# Monthly Competition Idea



## Boc (Mar 19, 2010)

Hey all,

On another forum I frequent, we have a monthly competition called Read in a Rush.

Basically, the idea is for the contest host to present a theme, normally 1 word, that the community writes a 900-1100 short story on, based either in the WH40K or WHF worlds.

Each author responds to the monthly competition thread with their story and a word count. Once the roughly 3-week competition period has come to an end, a new, voting thread is opened.

The last week of the month will be voting, each contestant as well as any random readers (as any are free to vote) will be able to vote for their favorite three stories.

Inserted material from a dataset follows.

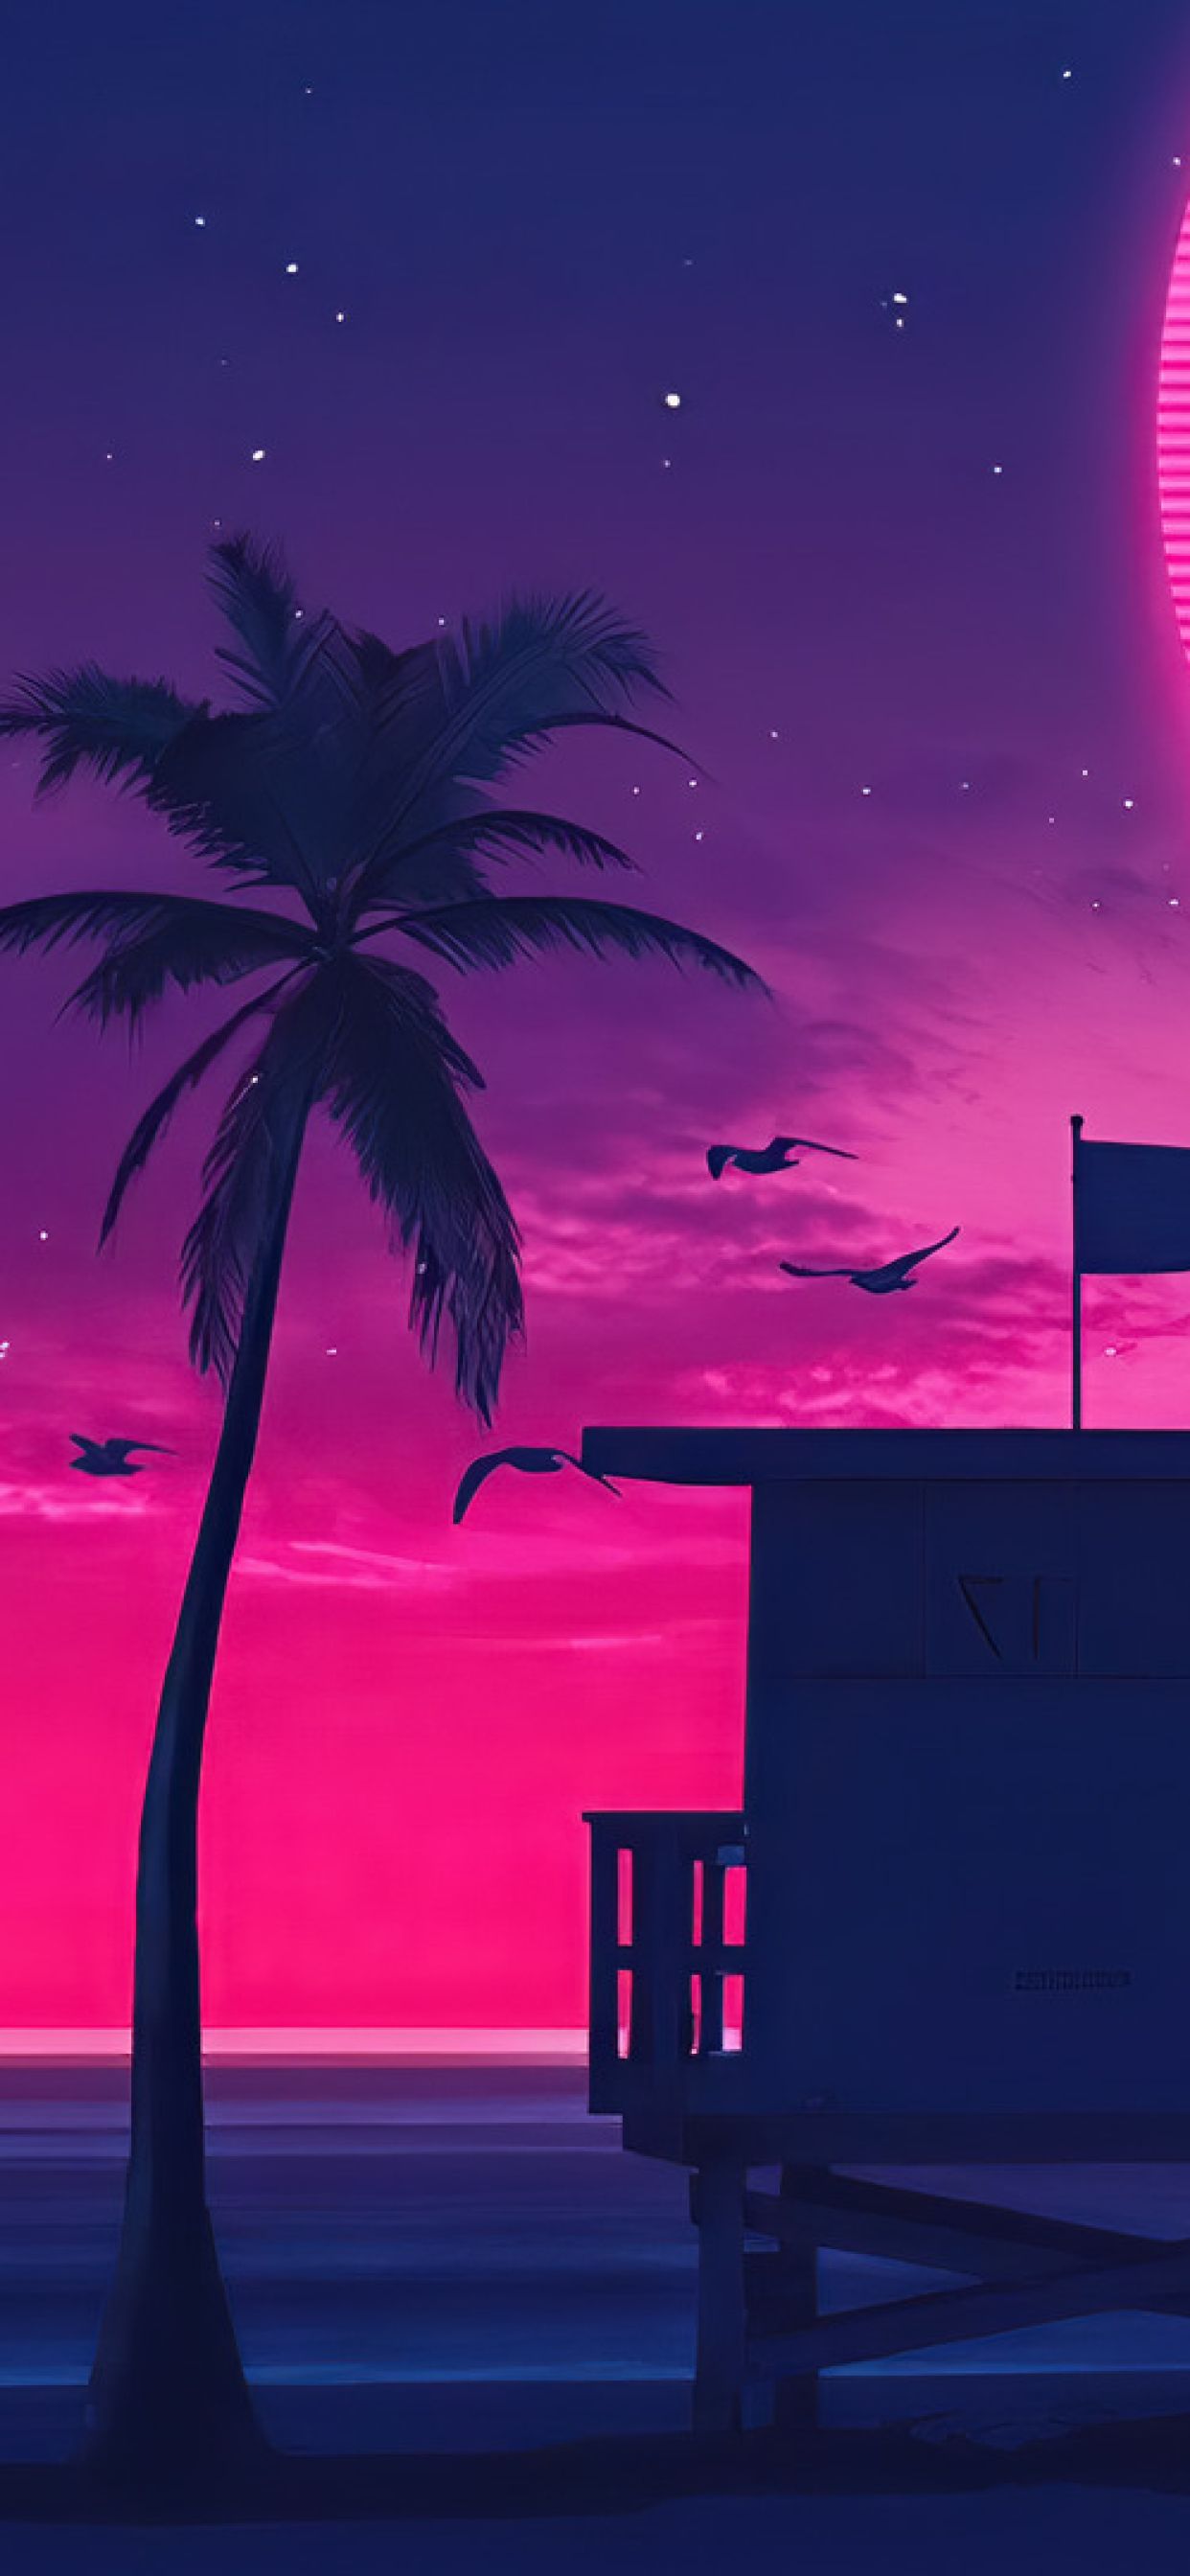 Beach Retro Wave iPhone XS MAX Wallpaper, HD Artist 4K Wallpaper, Image, Photo and Background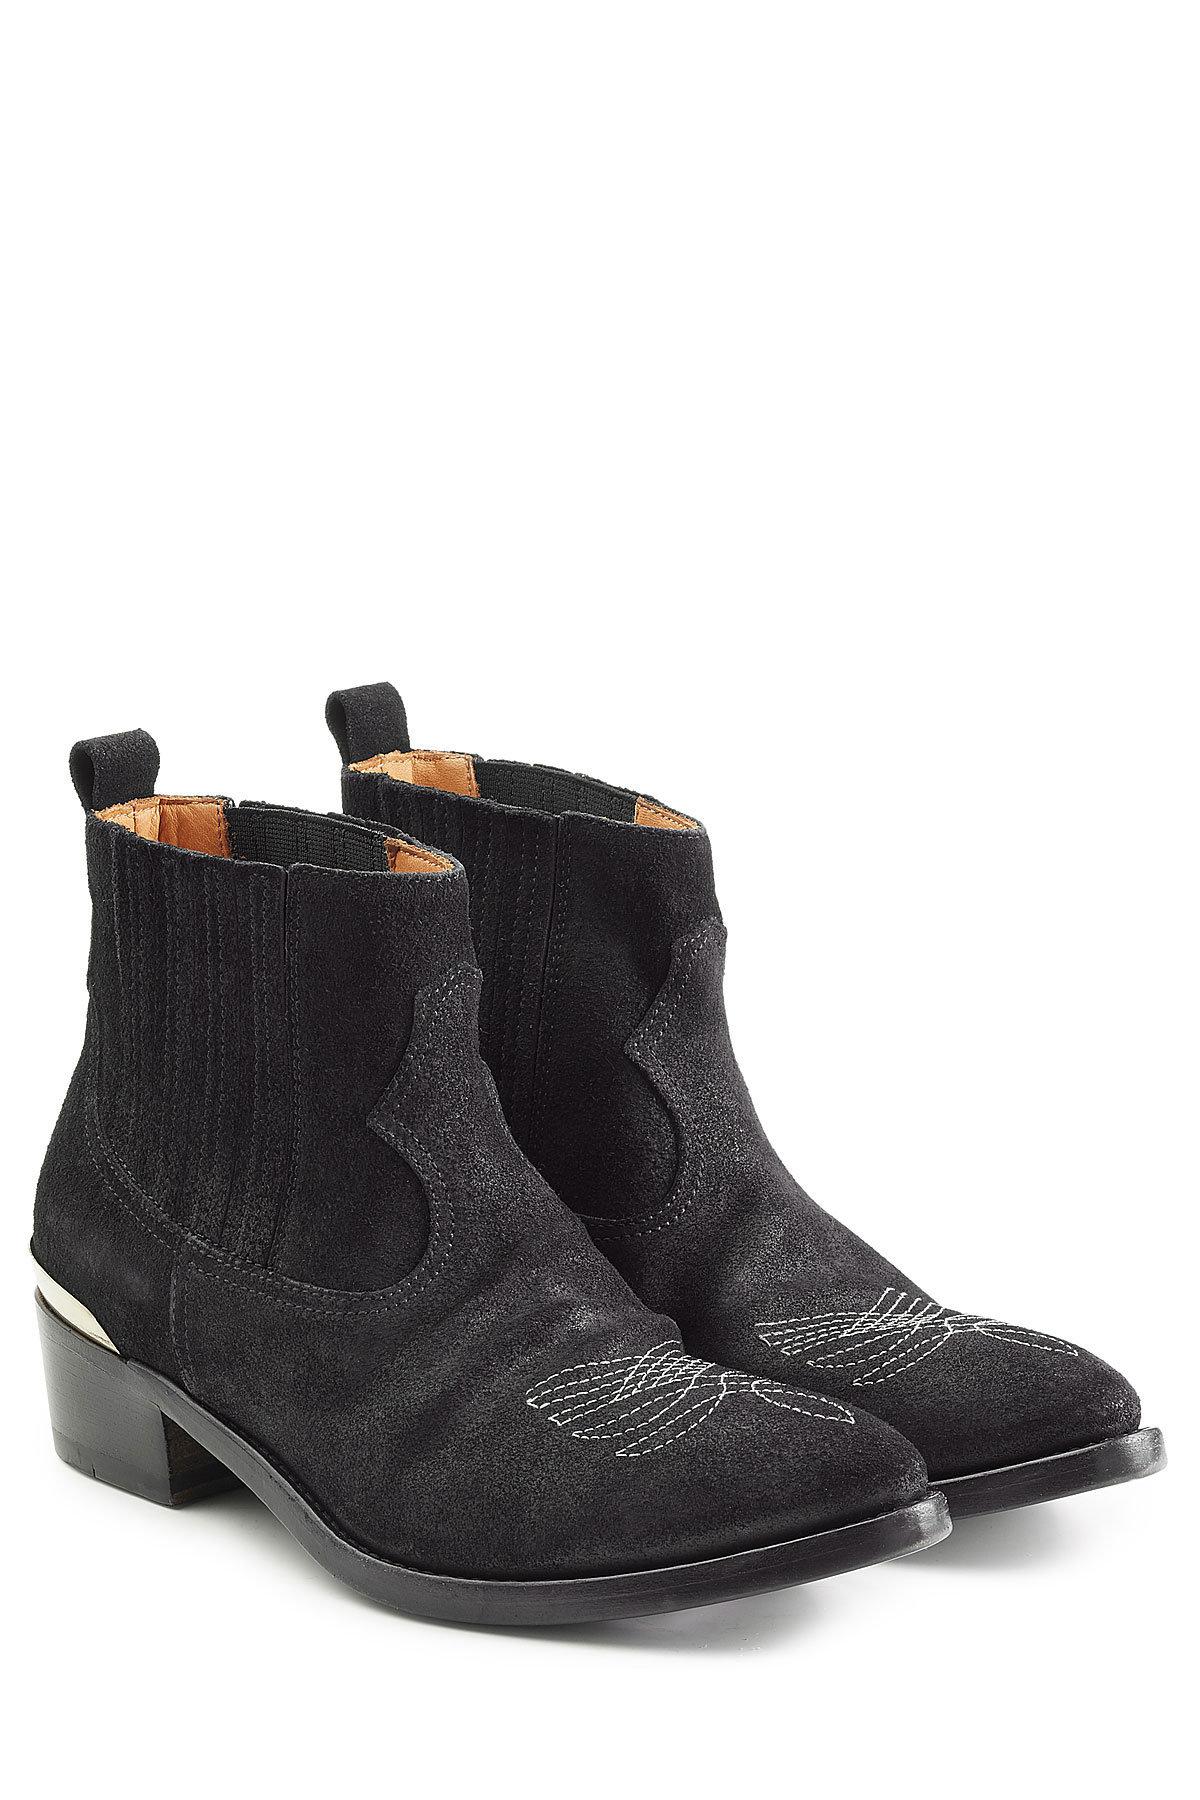 Lyst - Golden Goose Deluxe Brand Cowboy Suede Ankle Boots in Black

Once the voting period is closed, I will post up the winning story into a Winners' Compilation thread.

This post is just to gauge interest, so please vote either Yes or No if you'd be interested in having a fun, monthly competition here on Heresy.

Examples of past entries in a comparable:

Theme "Fury"
Pip: A Good Man
Boc: Awakening
Mossy Toes: Doll (Gives a Kiss)

Theme "Victory"
Boc: Vraks

Theme "Judgment"
Boc: Betrayal

Theme: "Atonement"
Boc: Nothing Left
Mossy Toes: Padre Sawbones
Eremite: The Prodigal Son

Theme: "The Edge"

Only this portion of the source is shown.